Ahm would find him if he didn't get back soon. He was sure of it. Even if Ahm had to go get the adults. But it would be better if the adults didn't have to know that he'd gotten lost while they played. Adults had weird priorities, and they might forbid hide and seek, and then everyone would be mad at Nahm, like it was his fault. Nahm got back to his feet. If he wanted to get found, he should do something about getting back toward the clanhold, and he'd decided to try finding stairs back up, so the first order of business was obviously to finish climbing down this staircase so that he could try to find the way up and out.

The staircase was already way longer than he'd thought it would be, and it was longer than he thought it would be before it ended. But it ended eventually. Nahm slipped out of the narrow arch into a small, round room lined with tiny arched alcoves.
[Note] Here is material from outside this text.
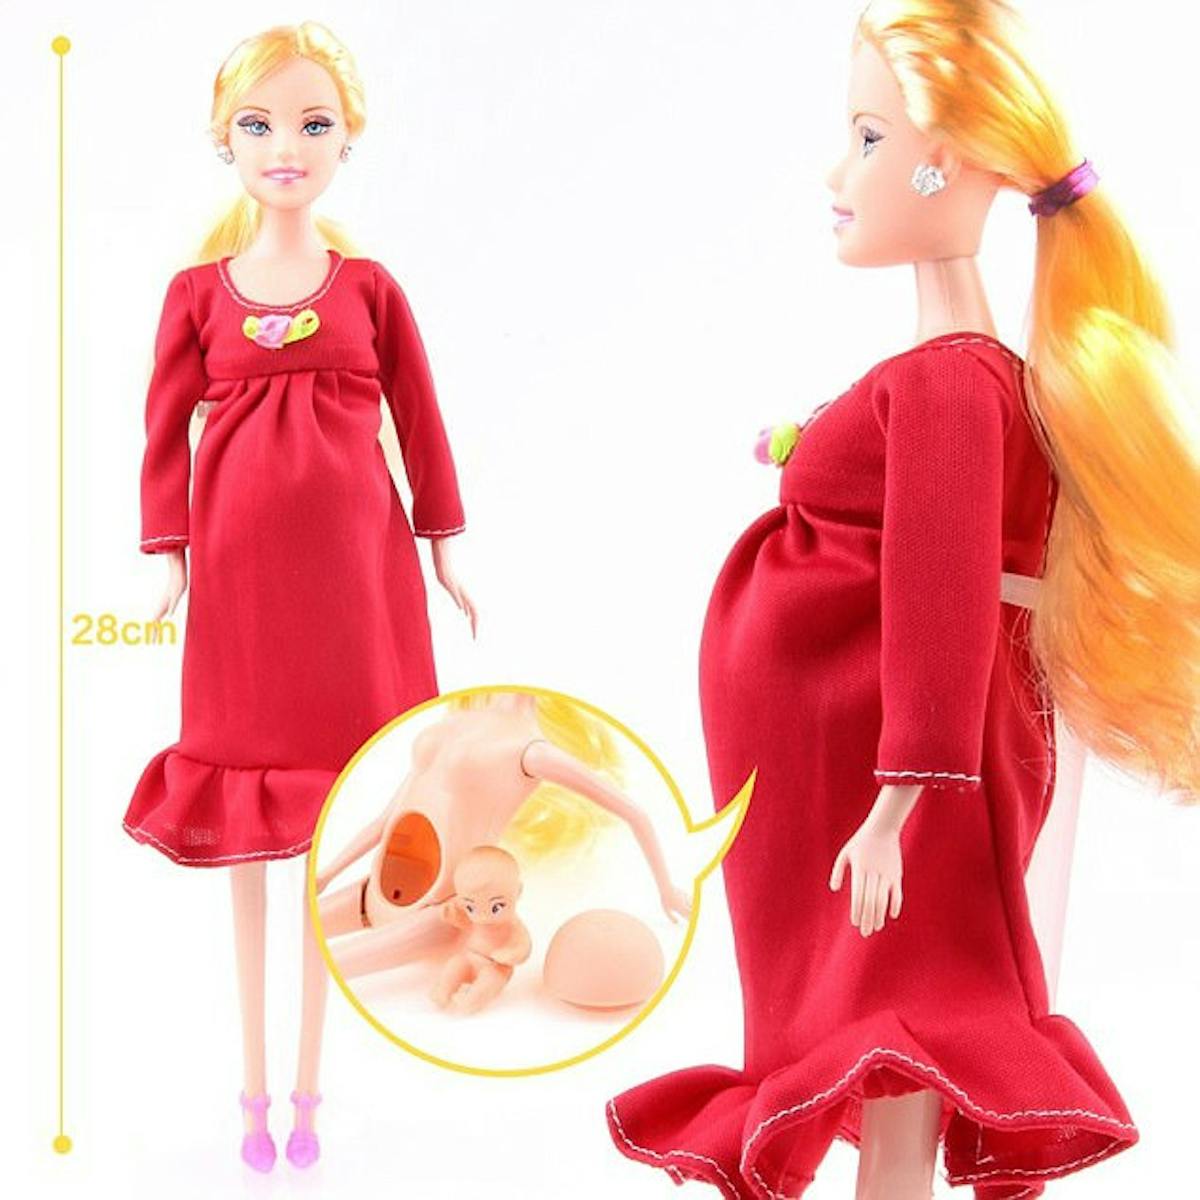 Kunhe Véritable poupée enceinte avec un bébé dans son ventre, rouge

Each alcove held a skull, and each skull had a candle places atop it. The candles were not lit, of course, which was a relief. He didn't like candles. They weren't like corpselight; they hurt. He tiptoed over to one of the alcoves and pried the candle off its skull. It was difficult to pull off. There were layers on layers of dripping wax holding the candle down to the bone, but with some patient wiggling and pulling, the candle came loose with a soft pop. He sniffed it; it smelled like tallow and soot. It tasted like tallow and soot, too, and like dust, and a little like bone at the bottom end of it.
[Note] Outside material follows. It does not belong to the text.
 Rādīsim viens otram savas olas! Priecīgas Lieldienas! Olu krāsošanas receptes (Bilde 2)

The big wooden door on the other side of the round room was heavy and difficult to push. As Nahm pushed it, its hinges shrilled a high screeching note, rust grinding on rust, and he wanted to stop and cover his ears, but if he did he thought the door might swing shut. He set his shoulder against it and used his footclaws to dig into the cracks in the stone floor and shove, and when the door opened enough for him to slide through, he darted through the opening. He'd been right. The door swung shut with a hollow boom that echoed down the natural tunnel outside it, and when he turned to tug at the heavy metal ring set into the door, it didn't budge. He swallowed hard and turned around again. He was good and stuck now, and he could only keep going forward, wherever that went.